Extracts from Stacy Schaeffer's writings on Huichol Weaving

Journal of Latin American Lore 15:2 (1989)
The Loom and Time
in the Huichol World
STACY SCHAEFFER
University of California, Los Angeles



In ancient times, after the great flood, Takutsi Nakave, the Huichol goddess of creation, formed the world and all that exists today. She learned how to weave from the spider who carries a ball of yarn on its back and makes its webs facing the rising sun. Takutsi Nakave taught the Earth Goddess, Utuanaka, how to weave so that she and the other gods may find a path to the sacred peyote deseirt of Virikuta. There, in Virikuta, where the deer, corn, and peyote are united, is where Huichols today go seeking visions and meaning to their existence in the universe.
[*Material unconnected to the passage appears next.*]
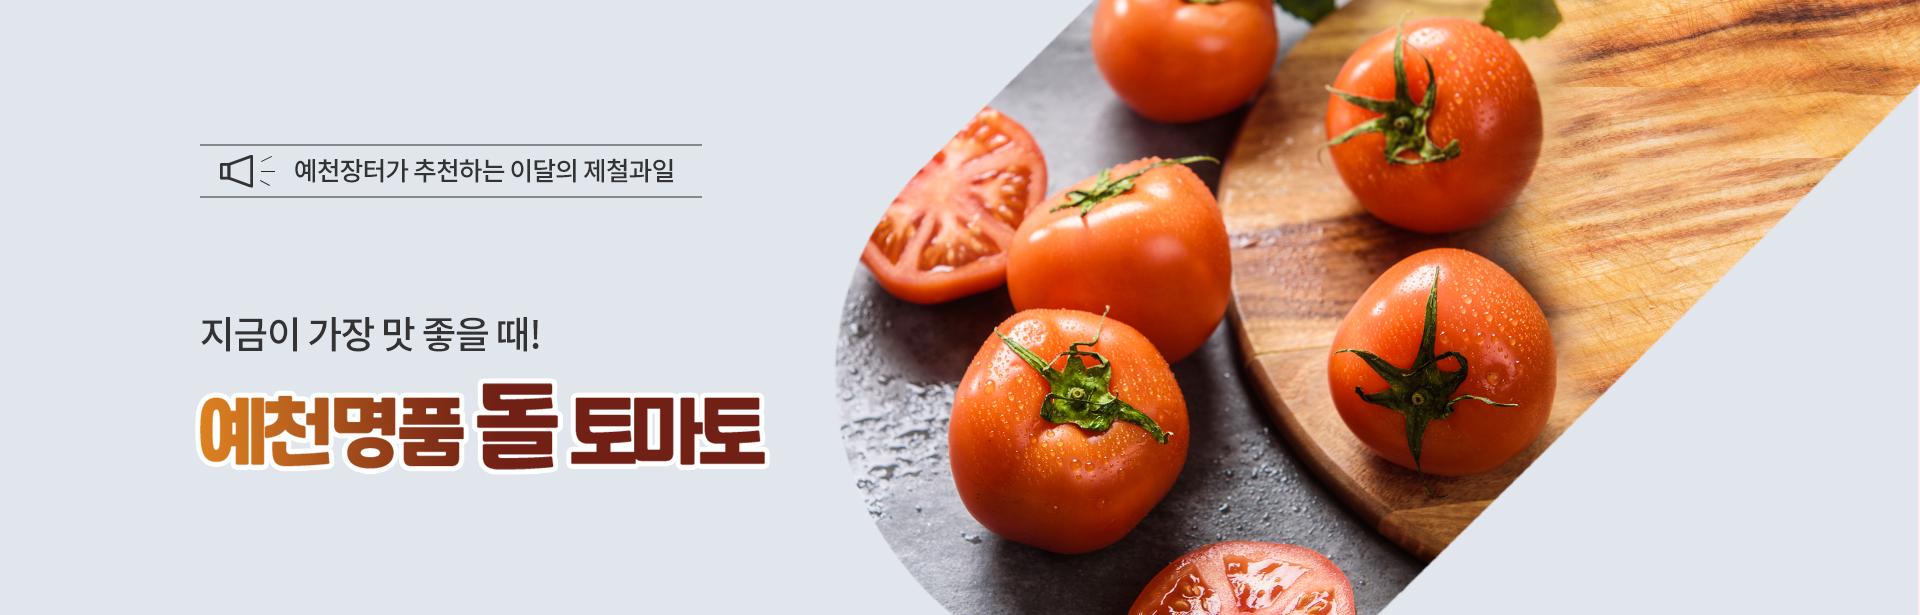 제철과일 토마토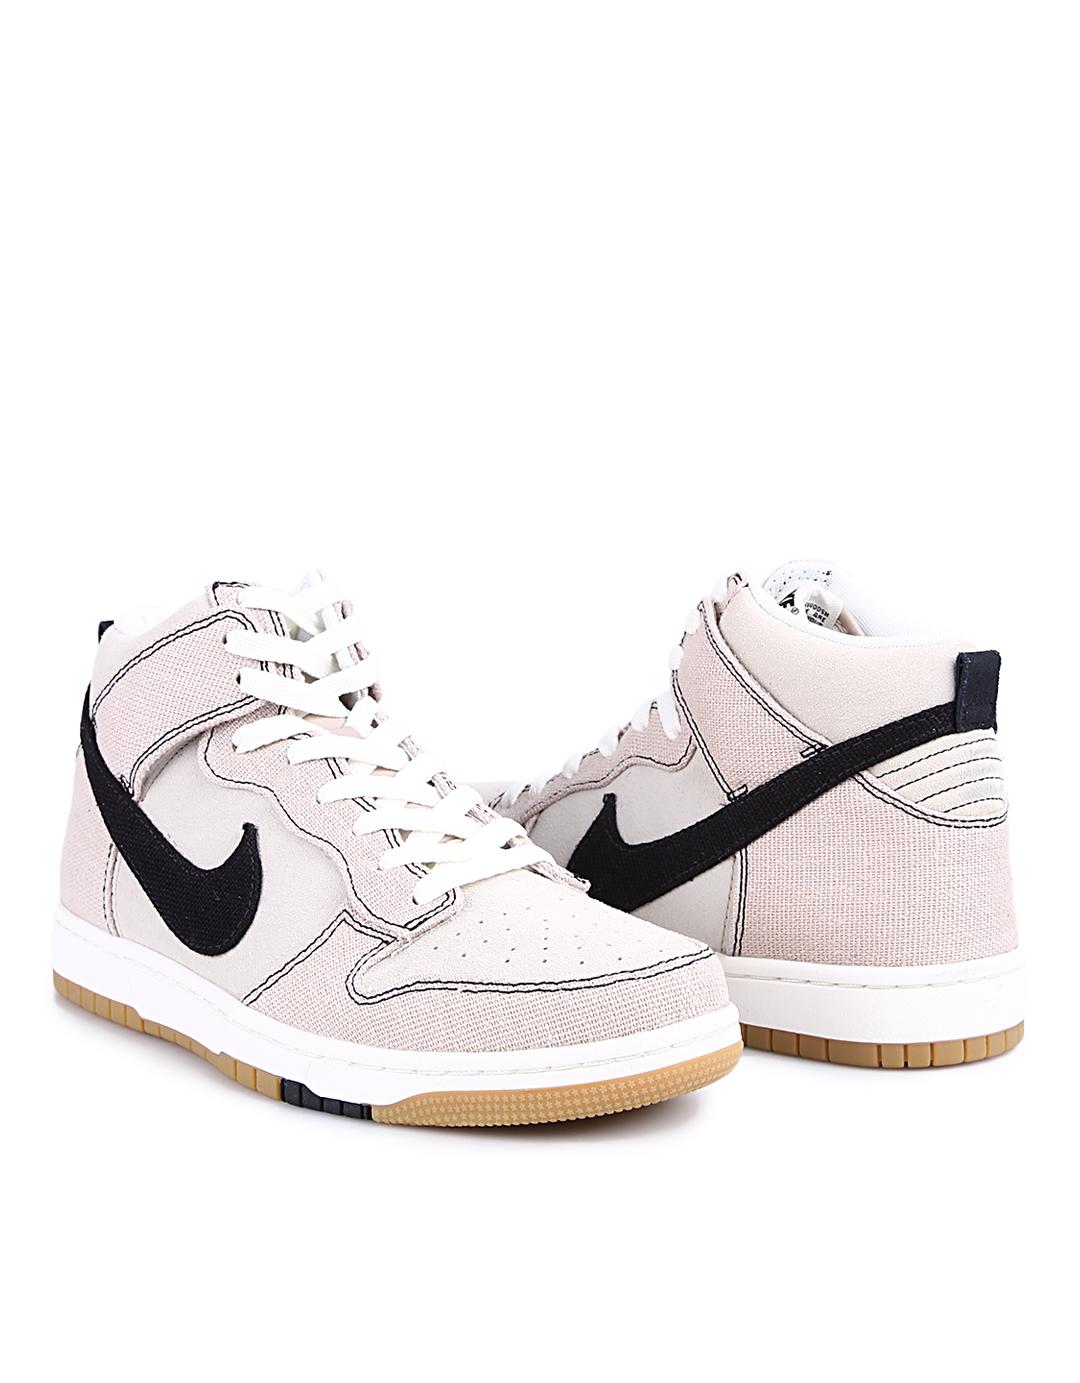 new style 13cf3 9d131 Nike Dunk CMFT Hi-Top Sneakers   Sepatu Nike Sb Original Murah .

As Geertz (1973:5) writes in his concept of culture, man "and woman" as human animals are suspended in webs of significance they themselves have spun. This imagery is particularly fitting in the weaving tradition of the Huichol Indians of the Sierra Madre Occidental in Mexico, where temporal and spatial elements are visually portrayed as interwoven into layers of meaning important to all members of this culture. On the back strap loom, thoughts and beliefs are given substance as they are created and bounded in time in a woven fabric.